Мерцают, переливаются с ясной прозеленью Настенькины глаза. Вот они перед Завьяловым — улыбнутся и загрустят.
— Где была, Настенька? — как тогда, спросил он ее.
— Контрольную сдавала.
— Сдала?
Опустила голову:
— Неужели так бывает?.. Лет-то сколько прошло!
— Постарел?
— Нет… Нет. А я и не знала, думала, живете счастливо.
— Спешишь?
— Не особенно.
— Да что мы стоим тут, — спохватился Завьялов.
Через распахнутую дверь комнаты видно, как горит люстра — отражается в темном окне.
Эту люстру часто с улицы видела Настя. Напоминала она о далеких праздниках.
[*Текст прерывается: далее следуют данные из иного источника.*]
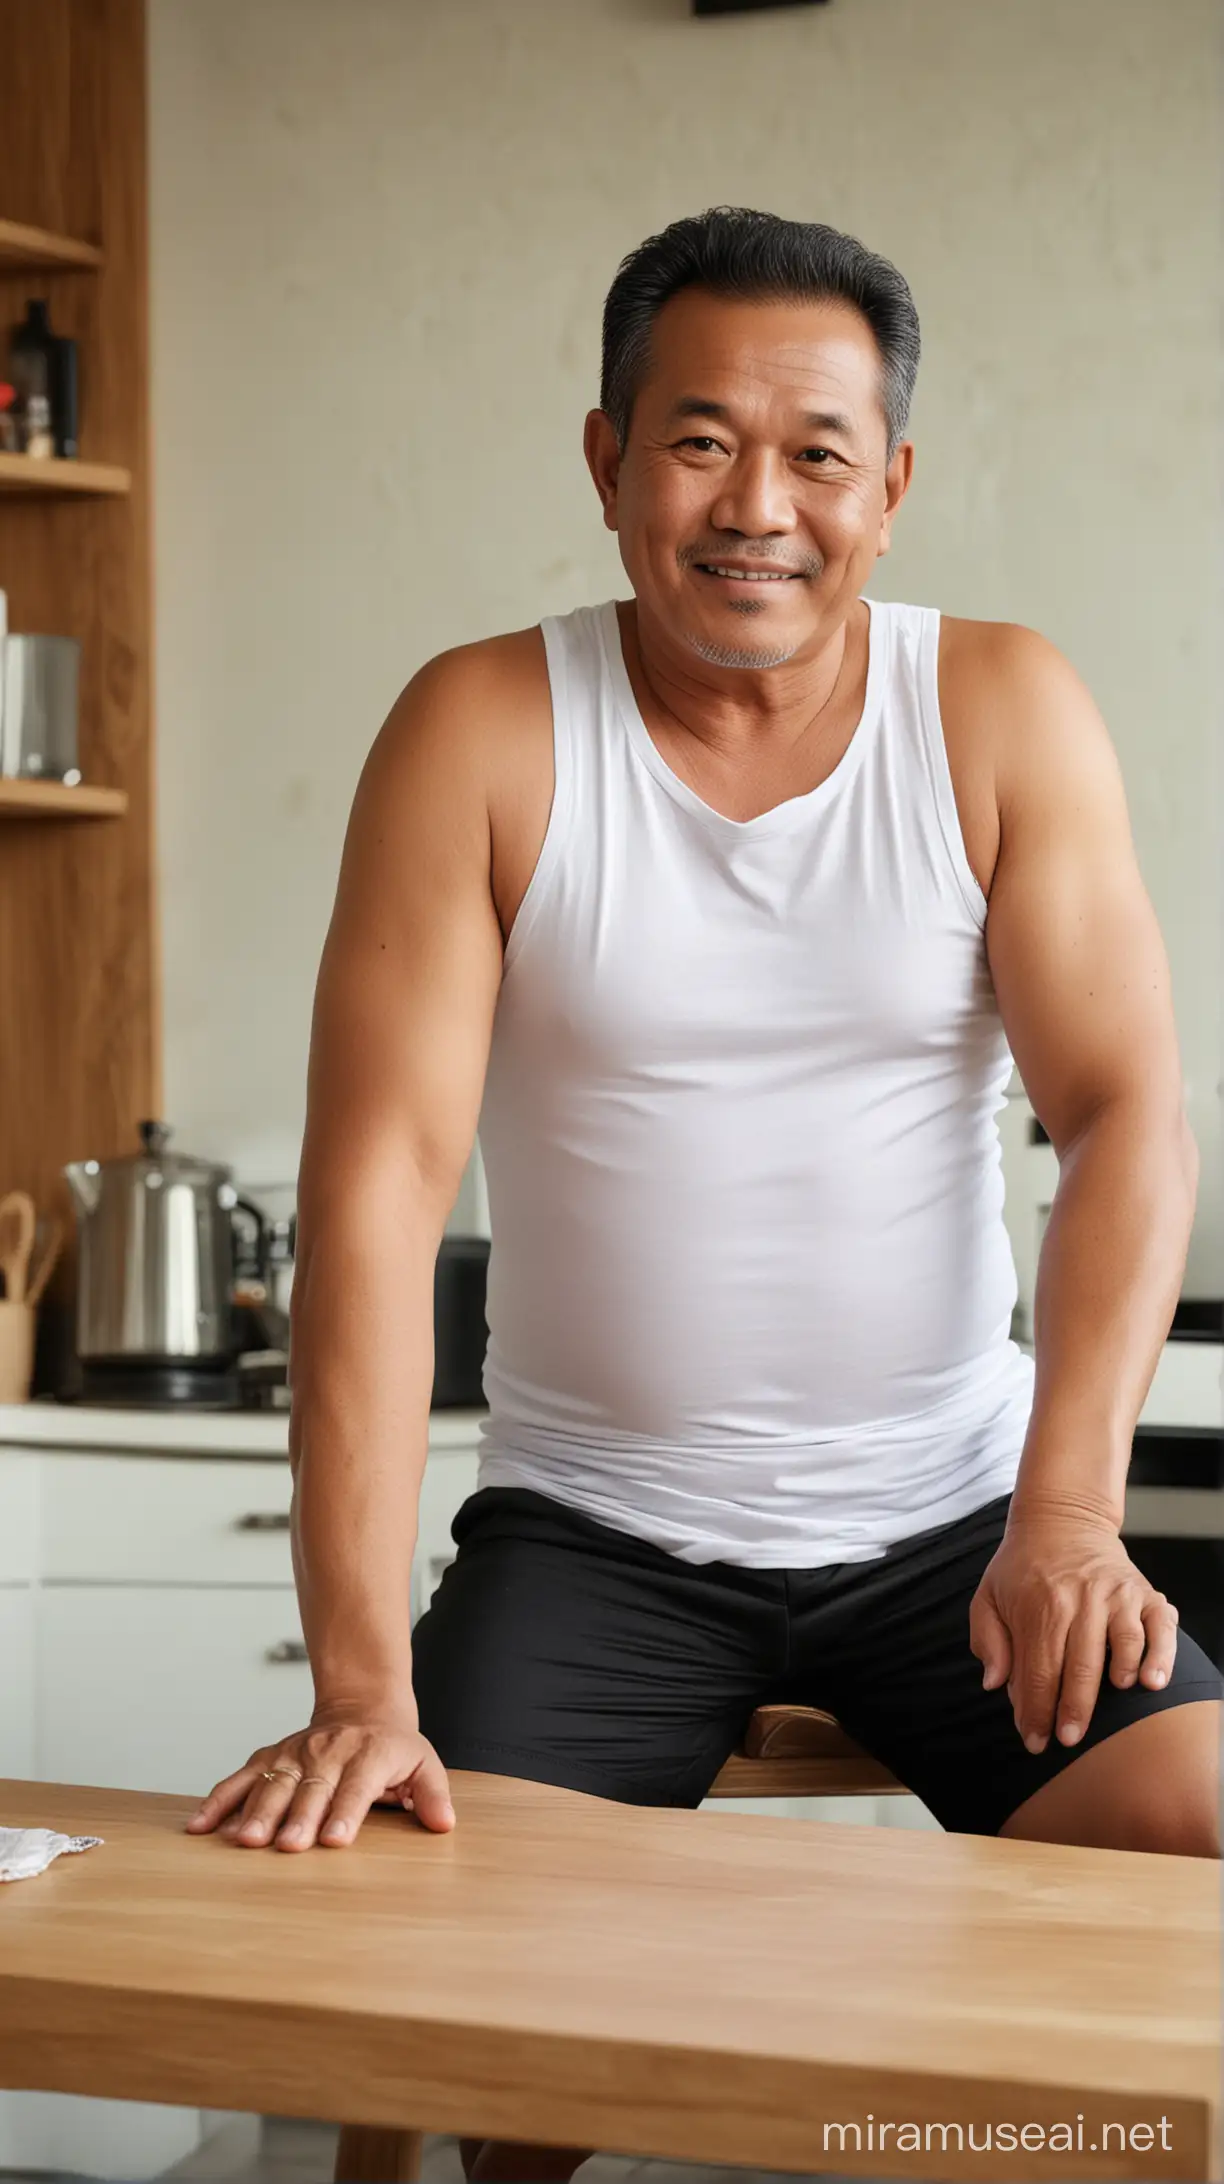 Foto realistis,pria indonesia usia 55 tahun memakai baju tank top putih,celana hitam pendek,badan gemuk,sedang duduk di kursi meja makan,latar belakang dapur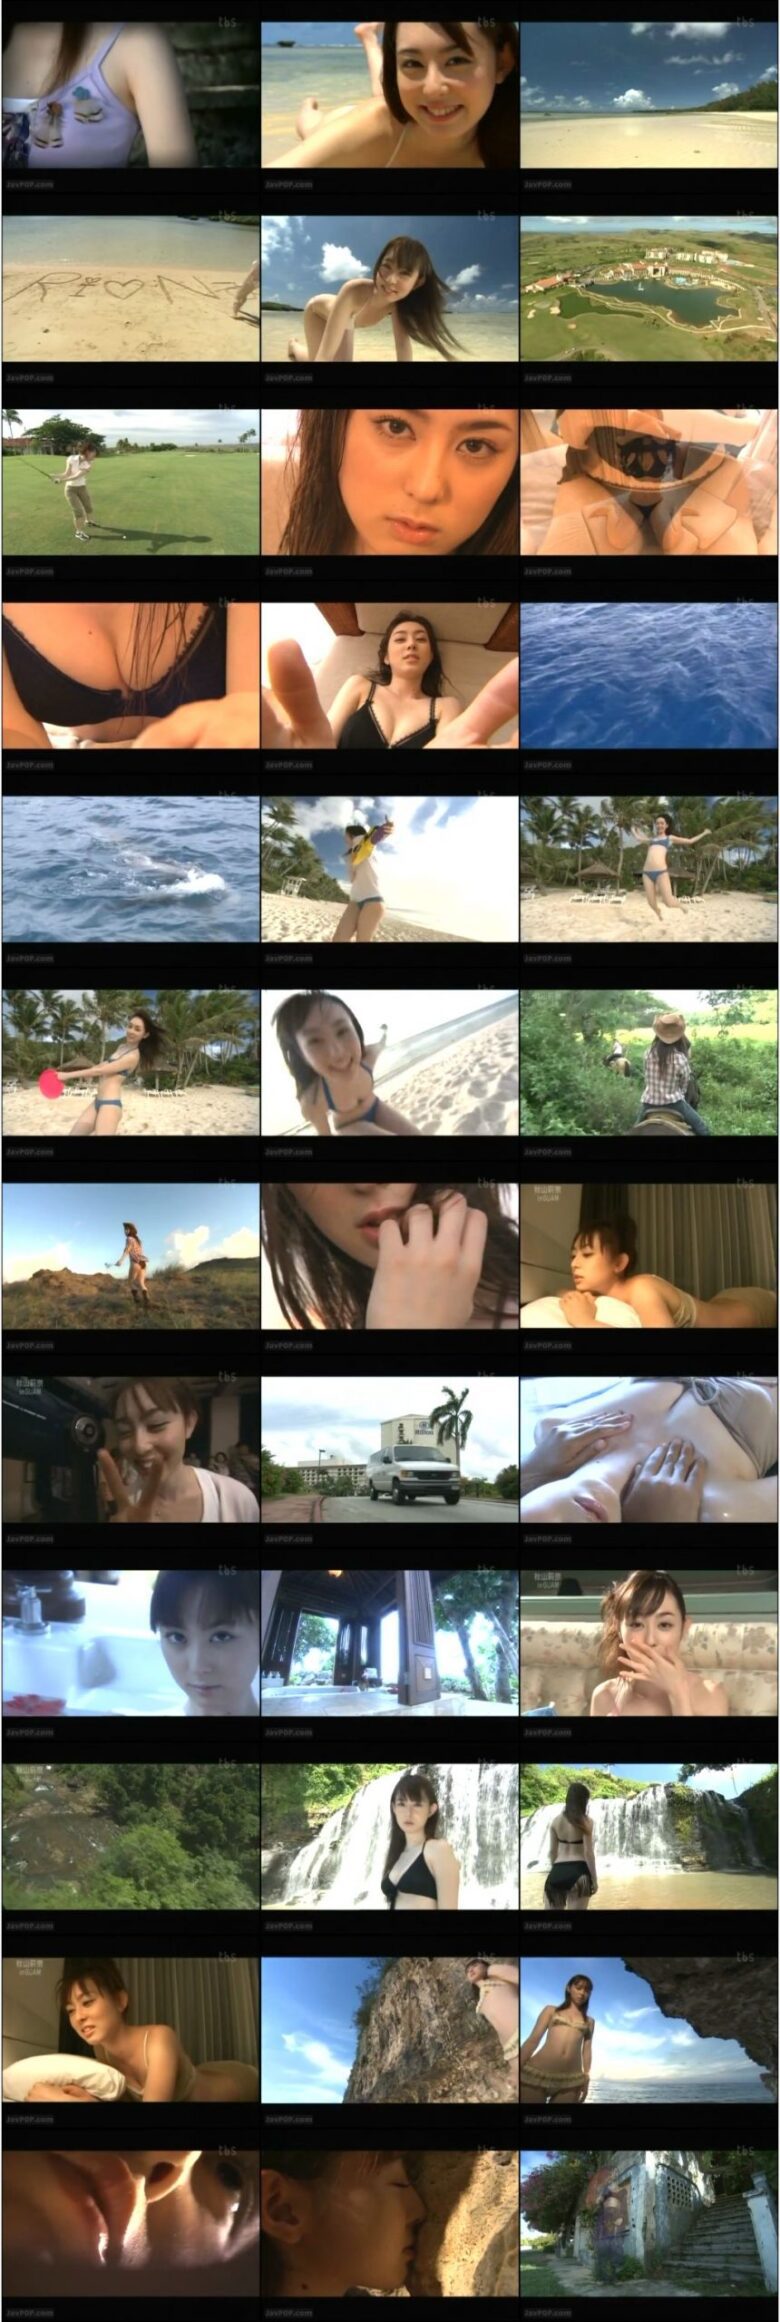 [VPBF-15280] 秋山莉奈 Rina Akiyama – Beach Angels ビーチエンジェルズ 秋山莉奈 in グァム

Были они или только снились ей?
На стене в комнате прикреплена винтовочная гильза, вилась из нее березовая былинка.
— Живая? — спросила Настя про березку.
— Живая.
— Можно посмотреть?
— Конечно.
Она вошла в комнату с холодно-серебристыми обоями. В углу, как сгорбленное, темнело кресло. Настя подошла поближе.
— В этой гильзе что же — земля? — спросила Настя.
— Земля.
— И поливаете?
— Несколько капель воды.
— Вот смотри, и не гибнет.
— Третий уже год она у меня тут.
— Всего несколько щепоток земли — и живет. Прямо карликовая березка. На стволик и на листья набрала, даже про эти вот крапинки не забыла… Что ж, сами так посадили?
— Нет. Это с нашей земли. Нашел там, где стоит обелиск Семенову. Там эта березка и проросла из гильзы.
— Там много гильз.
— Да. Под дождями звенели.
— Как он погиб! — пожалела она, зная, как погиб Семенов: совсем не в горящей избе, окруженный немцами, как разнеслась о том молва. Но молчала Настя, раз берег эту тайну и Завьялов, не тревожась, что знает кто-то еще.
— А березку эту увезли бы вы в лес да волю бы ей дали за ее терпение, — сказала Настя.
— Жалеешь?
— Березка ведь… Сколько земли вокруг, а ей какая-то щепоточка досталась да воды по капле от всех дождей.
— Бывает.
— Как и с человеком.
— Что бывает? Расскажи.
— Как-нибудь и скажу, Алексей Иванович. Увидимся еще. А сейчас пойду.
— Домой?
— Куда же еще?
— Хорошо, когда кто-то ждет.
— Никто не ждет, — сказала она.
Да ведь молодая же! Еще чист матово-гладкий отсвет под глазами… Гляди, любуйся, молись! А ее никто не ждет даже.
— Провожу тебя.
Завьялов сбросил свою безрукавку и сразу выше и стройнее стал в тонко вязанном зеленом свитере. Настя с удивлением, радостно оглядела его.
— Вы какой-то светлый, Алексей Иванович. Или уж от золотой души это, что не тускнеет?
— В человеке все есть — и золото, и даже радий.
— Не у всех. Вымывается золото — остается песок.
— …который потом сыплется.
— Придумают же люди: песок сыплется. — И Настя засмеялась.
Завьялов посмотрел, как смеялась она, сам засмеялся, подумал: «Какая все-таки радость человеку от человека».
4
Вышли на улицу.
Душисто и сладко пахло цветущими липами. Зеленые ветви в оранжевом тумане от затонувшего в листве фонаря.
— Я видела вас в окне, когда шла сюда, — сказала Настя.
— Ты знала мое окно?
— По люстре знала. Люстра красиво горит, как в праздник какой.
— Видел и я, как ты шла. Только не знал, что это ты…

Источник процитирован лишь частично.